Jameel Jaffer, the executive director of the Knight First Amendment Institute at Columbia University, told Adweek that the executive order itself violated the First Amendment because it was an act of government retaliation. “The order was born unconstitutional because it was issued in retaliation for Twitter’s fact-checking of President Trump’s tweets,” Jaffer said.

“The First Amendment protects Twitter’s right to respond to the president’s speech, including by attaching warnings to tweets that glorify violence,” Jaffer said in a statement sent to The Intercept. “Fundamentally this dispute is about whether Twitter has the right to disagree with, criticize, and respond to the president. Obviously, it does. It is remarkable and truly chilling that the president and his advisers seem to believe otherwise.”

Jaffer’s colleague Katie Fallow, a senior attorney at the First Amendment Institute, noted that unusual language that appeared to have been added to the order without much review, “make the retaliatory motive even clearer.”

“Twitter now selectively decides to place a warning label on certain tweets in a manner that clearly reflects political bias,” one part of the order reads. “As has been reported, Twitter seems never to have placed such a label on another politician’s tweet.”

What’s odd, as Fallow notes, is that the order references “another politician” without saying that the first politician it is concerned with here is Trump, although that is quite clear from the context.

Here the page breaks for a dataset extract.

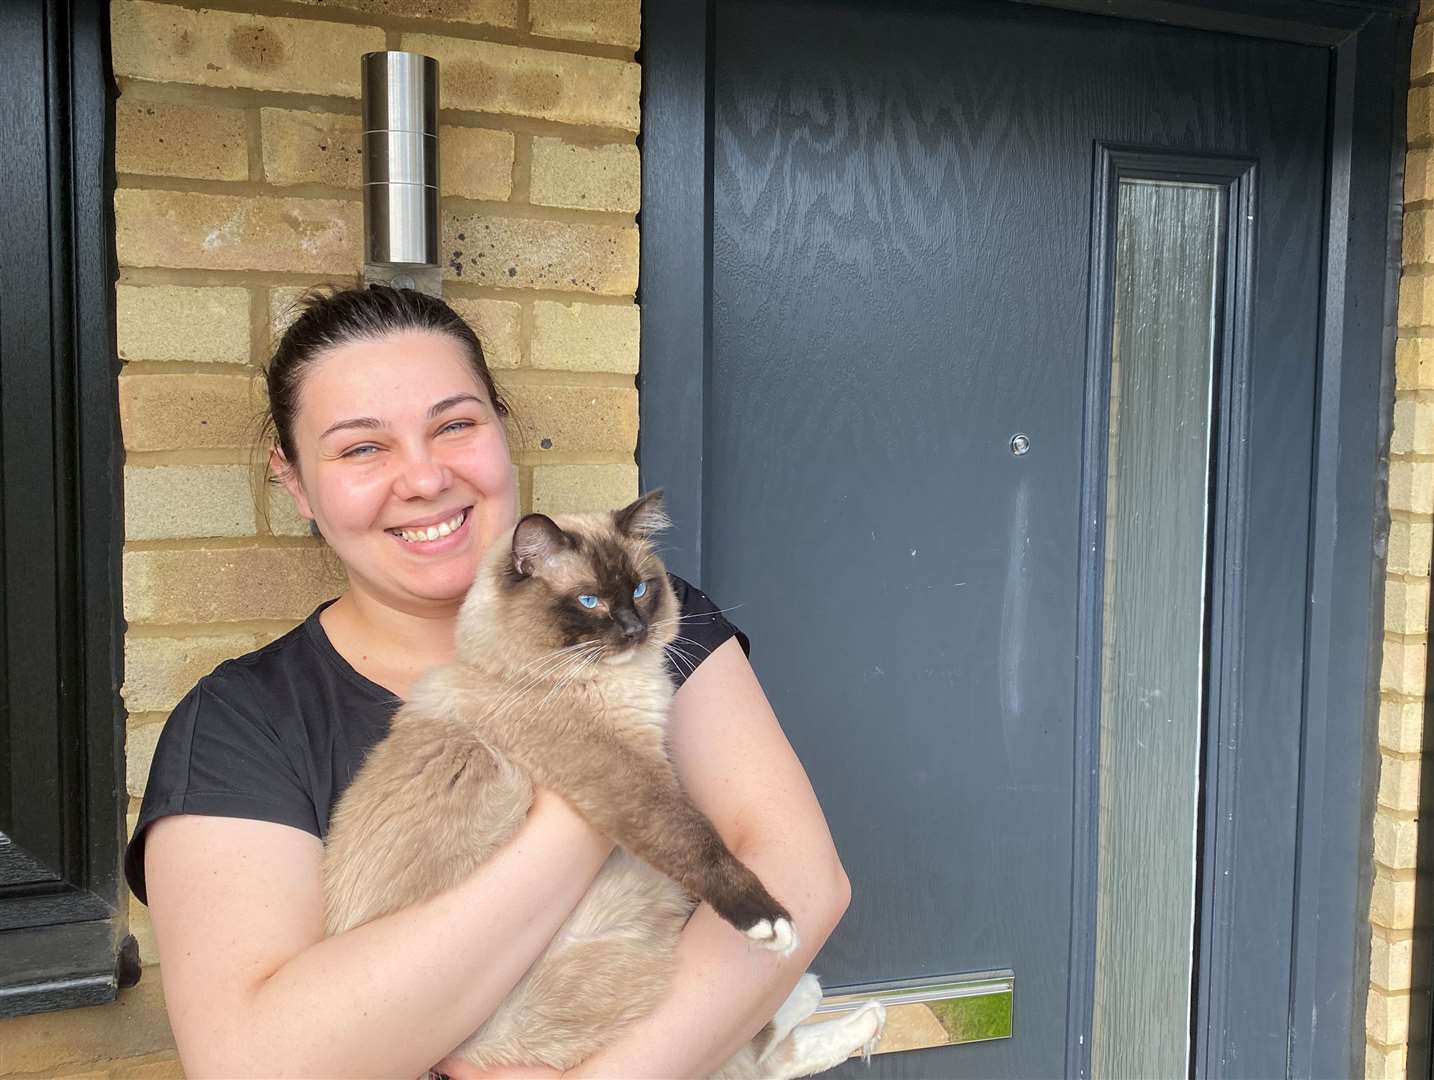 Kirolina Buvoczynsko moved into her home in Alkerden Heights Swanscombe two weeks ago

Another less than subtle hint is that the order throws in a gratuitous attack on the company’s failure to label tweets by Rep. Adam Schiff, who led the impeachment of Trump, in which he supposedly “mislead his followers by peddling the long-disproved Russian Collusion Hoax, and Twitter did not flag those tweets.”

Updated: Friday, May 29, 12:45 p.m. PDT
This article was updated with a new headline and more details about the events on 1968, and to report the arrest of the police officer who killed George Floyd, as well as new comments from the mayors off Minneapolis and Chicago, and President Donald Trump’s failure to take any questions during a White House news conference.